RECORDS:

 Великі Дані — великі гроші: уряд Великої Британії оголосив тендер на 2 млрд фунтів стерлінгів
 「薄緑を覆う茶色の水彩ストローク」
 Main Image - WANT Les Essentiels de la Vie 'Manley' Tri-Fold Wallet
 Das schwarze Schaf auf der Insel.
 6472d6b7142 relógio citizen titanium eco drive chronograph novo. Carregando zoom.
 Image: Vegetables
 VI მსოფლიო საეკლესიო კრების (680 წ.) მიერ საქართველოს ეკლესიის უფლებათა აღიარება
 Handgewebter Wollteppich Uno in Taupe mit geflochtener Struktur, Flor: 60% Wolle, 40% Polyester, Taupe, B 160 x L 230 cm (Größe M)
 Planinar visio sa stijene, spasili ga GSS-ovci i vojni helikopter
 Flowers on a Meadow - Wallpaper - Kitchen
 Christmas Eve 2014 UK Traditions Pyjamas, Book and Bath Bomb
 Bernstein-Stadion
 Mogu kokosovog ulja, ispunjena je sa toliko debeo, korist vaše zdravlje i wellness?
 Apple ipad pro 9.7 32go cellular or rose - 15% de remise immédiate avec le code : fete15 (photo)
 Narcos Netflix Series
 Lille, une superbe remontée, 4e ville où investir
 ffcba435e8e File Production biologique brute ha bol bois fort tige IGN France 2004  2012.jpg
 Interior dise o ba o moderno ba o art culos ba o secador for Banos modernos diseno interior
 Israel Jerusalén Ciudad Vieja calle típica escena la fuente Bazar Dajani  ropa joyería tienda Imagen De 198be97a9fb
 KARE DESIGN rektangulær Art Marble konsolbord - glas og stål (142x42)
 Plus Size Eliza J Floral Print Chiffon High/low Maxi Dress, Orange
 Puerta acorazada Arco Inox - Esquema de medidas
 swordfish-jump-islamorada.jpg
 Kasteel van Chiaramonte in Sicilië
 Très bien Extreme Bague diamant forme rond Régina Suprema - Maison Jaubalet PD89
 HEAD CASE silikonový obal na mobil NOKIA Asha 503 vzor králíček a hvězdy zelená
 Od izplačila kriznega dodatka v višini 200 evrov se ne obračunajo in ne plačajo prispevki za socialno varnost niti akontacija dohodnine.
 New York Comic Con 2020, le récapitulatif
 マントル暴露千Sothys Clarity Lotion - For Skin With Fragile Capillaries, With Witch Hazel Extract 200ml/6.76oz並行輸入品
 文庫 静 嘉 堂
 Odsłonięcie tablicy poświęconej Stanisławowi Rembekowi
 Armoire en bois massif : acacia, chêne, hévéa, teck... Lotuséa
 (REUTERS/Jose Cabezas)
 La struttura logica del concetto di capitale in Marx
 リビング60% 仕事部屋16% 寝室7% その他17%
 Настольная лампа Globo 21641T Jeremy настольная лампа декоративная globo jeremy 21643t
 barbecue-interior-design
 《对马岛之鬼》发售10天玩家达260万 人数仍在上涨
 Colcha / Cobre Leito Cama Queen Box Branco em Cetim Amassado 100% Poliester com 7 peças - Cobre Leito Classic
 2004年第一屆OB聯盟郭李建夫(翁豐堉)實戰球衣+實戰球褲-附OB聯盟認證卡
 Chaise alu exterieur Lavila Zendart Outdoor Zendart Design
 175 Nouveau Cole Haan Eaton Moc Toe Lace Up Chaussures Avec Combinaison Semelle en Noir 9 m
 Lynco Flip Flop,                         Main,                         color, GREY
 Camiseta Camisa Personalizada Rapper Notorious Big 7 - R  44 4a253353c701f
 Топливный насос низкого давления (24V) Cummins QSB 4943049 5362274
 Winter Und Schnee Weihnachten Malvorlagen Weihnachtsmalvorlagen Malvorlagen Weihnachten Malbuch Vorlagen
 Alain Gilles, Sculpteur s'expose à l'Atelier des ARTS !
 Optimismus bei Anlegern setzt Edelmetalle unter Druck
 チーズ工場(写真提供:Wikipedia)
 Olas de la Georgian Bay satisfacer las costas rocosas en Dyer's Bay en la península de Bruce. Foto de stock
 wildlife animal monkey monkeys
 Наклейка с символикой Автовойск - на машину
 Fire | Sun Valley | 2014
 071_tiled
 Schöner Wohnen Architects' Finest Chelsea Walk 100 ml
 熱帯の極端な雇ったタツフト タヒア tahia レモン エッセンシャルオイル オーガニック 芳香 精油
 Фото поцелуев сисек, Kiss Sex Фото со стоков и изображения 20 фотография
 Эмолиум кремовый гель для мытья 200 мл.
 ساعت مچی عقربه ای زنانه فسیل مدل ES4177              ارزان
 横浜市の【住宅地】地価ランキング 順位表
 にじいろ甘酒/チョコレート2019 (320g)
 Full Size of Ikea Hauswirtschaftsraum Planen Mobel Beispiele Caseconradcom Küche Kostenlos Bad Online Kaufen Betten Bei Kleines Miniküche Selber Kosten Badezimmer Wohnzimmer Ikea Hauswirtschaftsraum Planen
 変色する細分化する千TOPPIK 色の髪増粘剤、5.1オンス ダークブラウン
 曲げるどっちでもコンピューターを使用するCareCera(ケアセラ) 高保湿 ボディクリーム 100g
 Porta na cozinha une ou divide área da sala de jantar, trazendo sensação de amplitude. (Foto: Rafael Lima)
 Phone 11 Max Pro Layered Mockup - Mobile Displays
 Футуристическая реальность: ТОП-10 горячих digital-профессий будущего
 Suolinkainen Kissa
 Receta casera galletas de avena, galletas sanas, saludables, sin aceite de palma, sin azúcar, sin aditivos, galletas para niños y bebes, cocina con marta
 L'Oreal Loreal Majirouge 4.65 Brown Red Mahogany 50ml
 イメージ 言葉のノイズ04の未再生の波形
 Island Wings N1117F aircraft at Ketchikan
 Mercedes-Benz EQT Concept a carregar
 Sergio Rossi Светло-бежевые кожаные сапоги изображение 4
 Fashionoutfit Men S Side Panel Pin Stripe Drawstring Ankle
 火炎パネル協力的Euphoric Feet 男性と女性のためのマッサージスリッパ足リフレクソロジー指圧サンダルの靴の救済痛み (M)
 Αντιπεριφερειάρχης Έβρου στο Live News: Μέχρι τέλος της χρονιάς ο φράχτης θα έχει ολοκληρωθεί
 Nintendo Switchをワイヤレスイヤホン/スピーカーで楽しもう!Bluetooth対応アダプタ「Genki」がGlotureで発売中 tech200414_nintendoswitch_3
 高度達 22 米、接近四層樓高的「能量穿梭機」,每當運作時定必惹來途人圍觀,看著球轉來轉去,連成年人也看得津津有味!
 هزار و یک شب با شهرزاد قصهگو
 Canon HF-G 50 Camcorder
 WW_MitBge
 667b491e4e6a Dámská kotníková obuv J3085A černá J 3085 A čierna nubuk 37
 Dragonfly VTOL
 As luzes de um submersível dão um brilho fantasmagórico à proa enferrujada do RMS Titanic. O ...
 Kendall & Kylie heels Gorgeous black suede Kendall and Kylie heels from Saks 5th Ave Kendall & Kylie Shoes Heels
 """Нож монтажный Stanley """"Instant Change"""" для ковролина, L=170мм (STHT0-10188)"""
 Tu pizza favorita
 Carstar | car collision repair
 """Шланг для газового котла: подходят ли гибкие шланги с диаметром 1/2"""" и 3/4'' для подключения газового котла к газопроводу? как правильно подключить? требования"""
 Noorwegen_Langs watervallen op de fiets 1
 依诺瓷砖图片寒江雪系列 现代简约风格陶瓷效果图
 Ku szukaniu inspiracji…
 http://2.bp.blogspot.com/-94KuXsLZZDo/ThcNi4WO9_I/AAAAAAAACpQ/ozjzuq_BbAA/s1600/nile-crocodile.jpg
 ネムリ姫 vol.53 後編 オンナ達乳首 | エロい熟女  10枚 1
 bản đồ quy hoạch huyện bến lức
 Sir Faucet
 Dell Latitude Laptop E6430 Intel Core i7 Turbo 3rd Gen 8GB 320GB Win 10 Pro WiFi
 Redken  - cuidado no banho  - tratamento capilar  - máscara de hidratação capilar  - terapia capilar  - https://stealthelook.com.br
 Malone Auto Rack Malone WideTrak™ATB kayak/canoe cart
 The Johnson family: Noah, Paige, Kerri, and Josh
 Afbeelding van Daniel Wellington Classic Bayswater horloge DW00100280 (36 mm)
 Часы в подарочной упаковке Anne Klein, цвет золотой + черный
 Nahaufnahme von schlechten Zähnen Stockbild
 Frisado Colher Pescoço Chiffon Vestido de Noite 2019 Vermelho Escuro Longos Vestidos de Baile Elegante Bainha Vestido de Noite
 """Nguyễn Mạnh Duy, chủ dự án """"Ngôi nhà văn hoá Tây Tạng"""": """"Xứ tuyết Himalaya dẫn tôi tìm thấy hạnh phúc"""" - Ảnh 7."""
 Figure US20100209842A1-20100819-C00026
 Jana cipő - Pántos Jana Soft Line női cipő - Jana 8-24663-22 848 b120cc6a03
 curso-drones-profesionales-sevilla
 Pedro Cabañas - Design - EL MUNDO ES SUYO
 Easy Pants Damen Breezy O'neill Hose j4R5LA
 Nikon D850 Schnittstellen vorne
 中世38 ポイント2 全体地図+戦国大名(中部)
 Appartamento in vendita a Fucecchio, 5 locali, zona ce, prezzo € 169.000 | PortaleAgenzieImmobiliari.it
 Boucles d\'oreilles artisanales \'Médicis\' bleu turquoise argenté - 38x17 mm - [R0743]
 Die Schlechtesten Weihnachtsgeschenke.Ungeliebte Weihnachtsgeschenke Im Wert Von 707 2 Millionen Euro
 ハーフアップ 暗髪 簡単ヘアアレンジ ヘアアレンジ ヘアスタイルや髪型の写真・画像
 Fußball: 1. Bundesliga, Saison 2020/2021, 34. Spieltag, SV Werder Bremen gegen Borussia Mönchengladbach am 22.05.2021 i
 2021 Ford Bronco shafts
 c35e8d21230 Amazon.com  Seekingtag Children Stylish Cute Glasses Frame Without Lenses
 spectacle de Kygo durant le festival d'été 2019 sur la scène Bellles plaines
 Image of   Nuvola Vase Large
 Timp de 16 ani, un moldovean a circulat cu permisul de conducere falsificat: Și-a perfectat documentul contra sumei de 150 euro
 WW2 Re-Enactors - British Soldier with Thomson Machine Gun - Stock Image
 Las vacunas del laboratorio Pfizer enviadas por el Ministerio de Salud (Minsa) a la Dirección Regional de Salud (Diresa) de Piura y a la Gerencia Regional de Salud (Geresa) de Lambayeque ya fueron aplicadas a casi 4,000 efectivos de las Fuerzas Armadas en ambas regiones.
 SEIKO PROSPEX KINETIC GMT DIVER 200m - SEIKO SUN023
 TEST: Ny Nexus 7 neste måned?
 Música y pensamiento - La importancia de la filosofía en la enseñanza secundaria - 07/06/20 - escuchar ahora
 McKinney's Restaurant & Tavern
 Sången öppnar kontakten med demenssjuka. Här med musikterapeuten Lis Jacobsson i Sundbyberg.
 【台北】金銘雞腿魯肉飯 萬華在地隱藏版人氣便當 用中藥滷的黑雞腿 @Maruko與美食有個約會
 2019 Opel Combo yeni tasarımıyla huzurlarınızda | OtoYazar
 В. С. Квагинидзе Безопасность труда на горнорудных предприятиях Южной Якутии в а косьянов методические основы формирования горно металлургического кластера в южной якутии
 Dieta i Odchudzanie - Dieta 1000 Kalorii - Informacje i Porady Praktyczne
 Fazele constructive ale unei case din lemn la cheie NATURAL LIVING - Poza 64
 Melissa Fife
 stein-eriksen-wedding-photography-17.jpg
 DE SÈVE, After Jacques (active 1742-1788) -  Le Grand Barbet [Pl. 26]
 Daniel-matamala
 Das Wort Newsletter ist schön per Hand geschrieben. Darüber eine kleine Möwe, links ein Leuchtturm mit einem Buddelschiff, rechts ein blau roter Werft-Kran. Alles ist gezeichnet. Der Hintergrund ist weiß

EXERCISE INSTRUCTIONS:
Look above for the line with "WW2 Re-Enactors - British" and the line with "Dieta i Odchudzanie"; transcribe both and all lines in between, exactly, and nothing else.

TASK ANSWER:
 WW2 Re-Enactors - British Soldier with Thomson Machine Gun - Stock Image
 Las vacunas del laboratorio Pfizer enviadas por el Ministerio de Salud (Minsa) a la Dirección Regional de Salud (Diresa) de Piura y a la Gerencia Regional de Salud (Geresa) de Lambayeque ya fueron aplicadas a casi 4,000 efectivos de las Fuerzas Armadas en ambas regiones.
 SEIKO PROSPEX KINETIC GMT DIVER 200m - SEIKO SUN023
 TEST: Ny Nexus 7 neste måned?
 Música y pensamiento - La importancia de la filosofía en la enseñanza secundaria - 07/06/20 - escuchar ahora
 McKinney's Restaurant & Tavern
 Sången öppnar kontakten med demenssjuka. Här med musikterapeuten Lis Jacobsson i Sundbyberg.
 【台北】金銘雞腿魯肉飯 萬華在地隱藏版人氣便當 用中藥滷的黑雞腿 @Maruko與美食有個約會
 2019 Opel Combo yeni tasarımıyla huzurlarınızda | OtoYazar
 В. С. Квагинидзе Безопасность труда на горнорудных предприятиях Южной Якутии в а косьянов методические основы формирования горно металлургического кластера в южной якутии
 Dieta i Odchudzanie - Dieta 1000 Kalorii - Informacje i Porady Praktyczne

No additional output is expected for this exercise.